Today in Sochi, veteran Russian figure skater Evgeni Plushenko took the ice in the team skating event. At 31, Plushenko is old for a skater, and the Russian announcers made sure to mention that, over the course of his career, he has had 13 surgeries. His health was so precarious, in fact, that his participation in the Olympics was not decided until very late in the game: according to his coach, Plushenko "still had screws in his back" and the jumps were hard to pull off. Plushenko had to convince Russian skating to let him have the sole men's spot on the team behind closed doors, in true Russian fashion.
On the ice today, he skated a solid performance and placed second, even if his jumps were a little shaky.
Plushenko will be an interesting figure to watch in the coming days, especially if you consider his Olympic history: part of the rationale for choosing Plushenko to represent Russia at Sochi was that he could win Russia a gold medal. The problem with that is that, at the last winter Olympics, in Vancouver, Plushenko failed to win one and it was a stinging, stinging loss: it was the very first time that Russia failed to win gold in the event since 1960.
The other problem—and here's why you'll want to watch Plushenko in the coming days—was the way he handled the loss four years ago.
Plushenko got silver but it was not good enough for him, and he let everyone know. On the podium, he stood with his head down. Then, in an interview, he slammed the gold medal winner, American Evan Lysacek. "I was positive that I won," Plushenko said. "But I saw that [gold winner] Evan [Lysacek] needs a medal more than I do. Maybe because I already have one." He publicly blamed his loss—which, again, was an Olympic silver medal—on a ticket-sales conspiracy, which makes no sense, since tickets are sold before the medals are handed out.
He couldn't calm down. "I'm not prepared to skate well and lose," he told one interviewer, pointing out that his reaction was mirrored in his wife's. "My emotions were in my wife's eyes," he said at the time. "She was no longer crying, but her eyes were red with tears."
The good citizens of St. Petersburg, where Plushenko has lived since he was a teenager and where he served in the local parliament, offered to make him a gold medal. Vladimir Putin tried to soothe him, saying officially, "Your silver is worth gold." It didn't work.
Plushenko was still pissed. And soon, his grief turned into denial. On his website, he announced that he had handed himself a platinum medal, one he designed himself. "Silver of Salt Lake, Gold of Torino, Platinum of Vancouver," he wrote on his official site.

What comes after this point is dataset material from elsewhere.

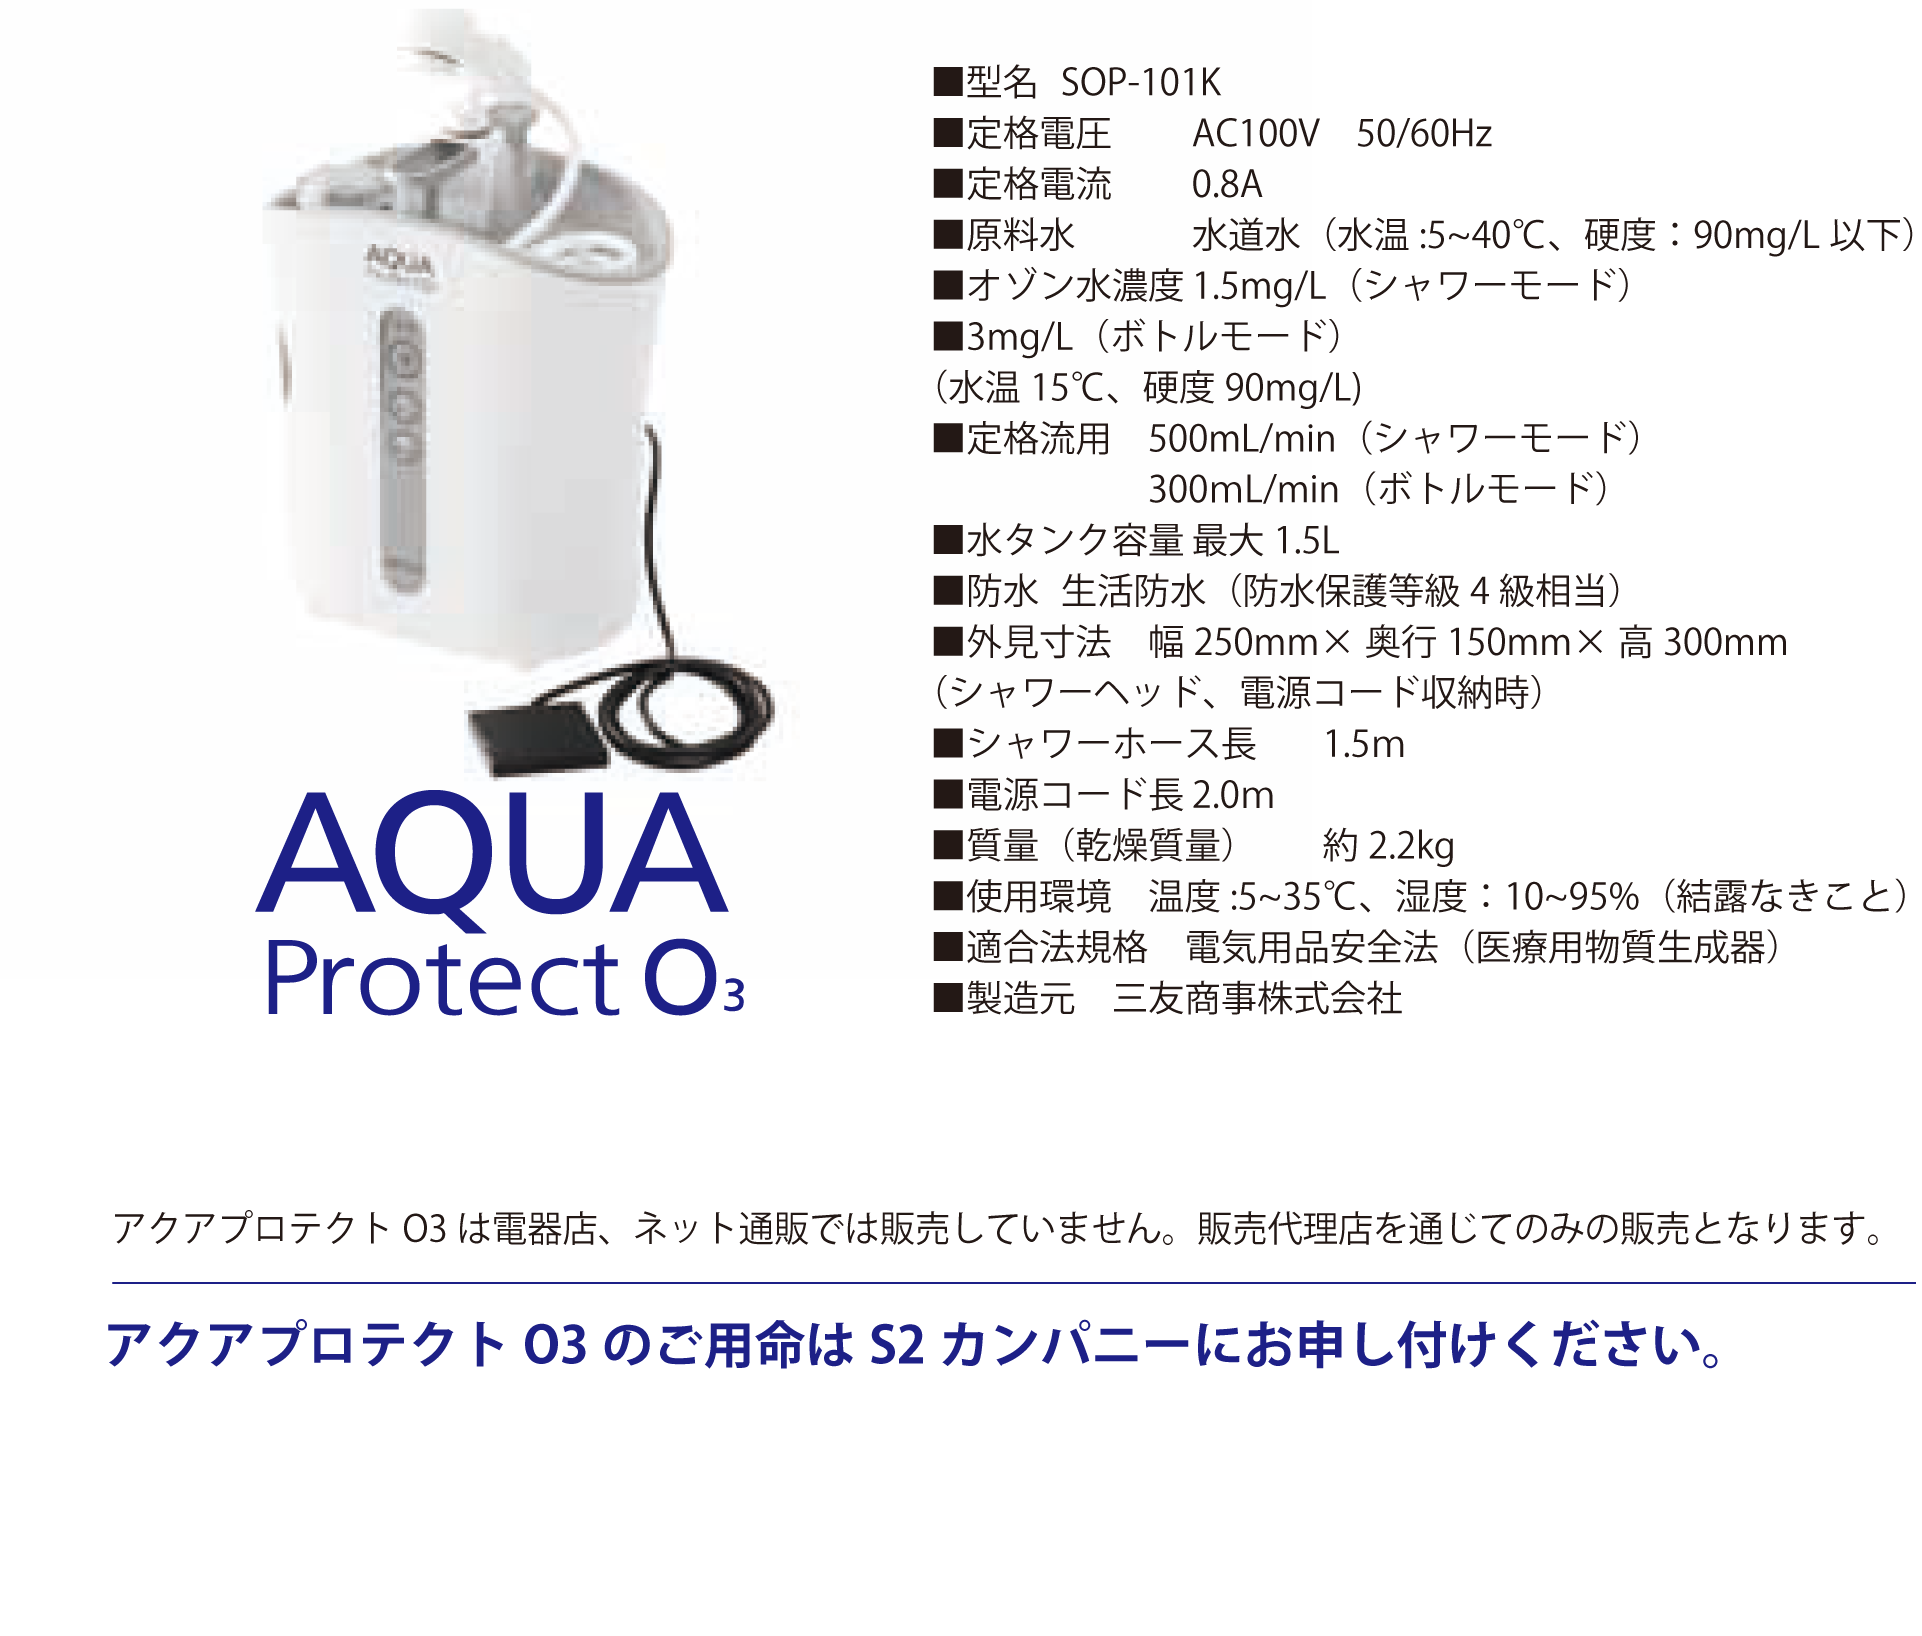 AQUA Protect O3 ■型名 SOP-101K ■定格電圧	AC100V 50/60Hz ■定格電流 0.8A ■原料水 水道水（水温:5~40℃、硬度：90mg/L以下） ■オゾン水濃度 1.5mg/L（シャワーモード） ■3mg/L（ボトルモード） （水温15℃、硬度90mg/L) ■定格流用 500mL/min（シャワーモード） 300ｍL/min（ボトルモード） ■水タンク容量 最大1.5L ■防水 生活防水（防水保護等級4級相当） ■外見寸法 幅250mm×奥行150mm×高300mm （シャワーヘッド、電源コード収納時） ■シャワーホース長 1.5ｍ ■電源コード長 2.0ｍ ■質量（乾燥質量） 約2.2kg ■使用環境 温度:5~35℃、湿度：10~95%（結露なきこと） ■適合法規格 電気用品安全法（医療用物質生成器） ■製造元 三友商事株式会社 価格　238,000円（税別） ※税込価格261,800円 アクアプロテクトO3は電器店、ネット通販では販売していません。販売代理店を通じてのみの販売となります。 アクアプロテクトO3のご用命はS2カンパニーにお申し付けください。

Then, when then-president Dmitry Medvedev rewarded Russian Olympians with gold, silver, and bronze cars on their return to Russia, Plushenko continued to whine. As I wrote at the time, this is how it went down after Plushenko was handed keys to his new silver Audi:
At the ceremony, Plushenko approached Medvedev and began to complain about how none of the money allotted for training figure skaters makes it through, that he pays for all his training and costumes and sparkly gloves himself, that figure skaters “are treated like floor rags,” and that the money now slated for his training—around $30,000 per year—was an insultingly unrealistic figure.
“I know that a huge amount of money is budgeted for this, but what happens to it is unclear,” Plushenko said to the President. “Dmitry Antaloyevich”—reverently using the boss’s patronymic— “please, bring this under control, because a lot of us want to perform. And I want to perform in Sochi in 2014. This is insane.”
Then, because a speedskater and volleyball player once had their Olympic automotive bacon heisted, Plushenko wasted no time and traded in his Audi Q5 for something less flashy the very same day.
And that, ladies and gentlemen, is Evgeni Plushenko. If I were you, I'd keep my eyes peeled for more of his antics, if he only gets silver.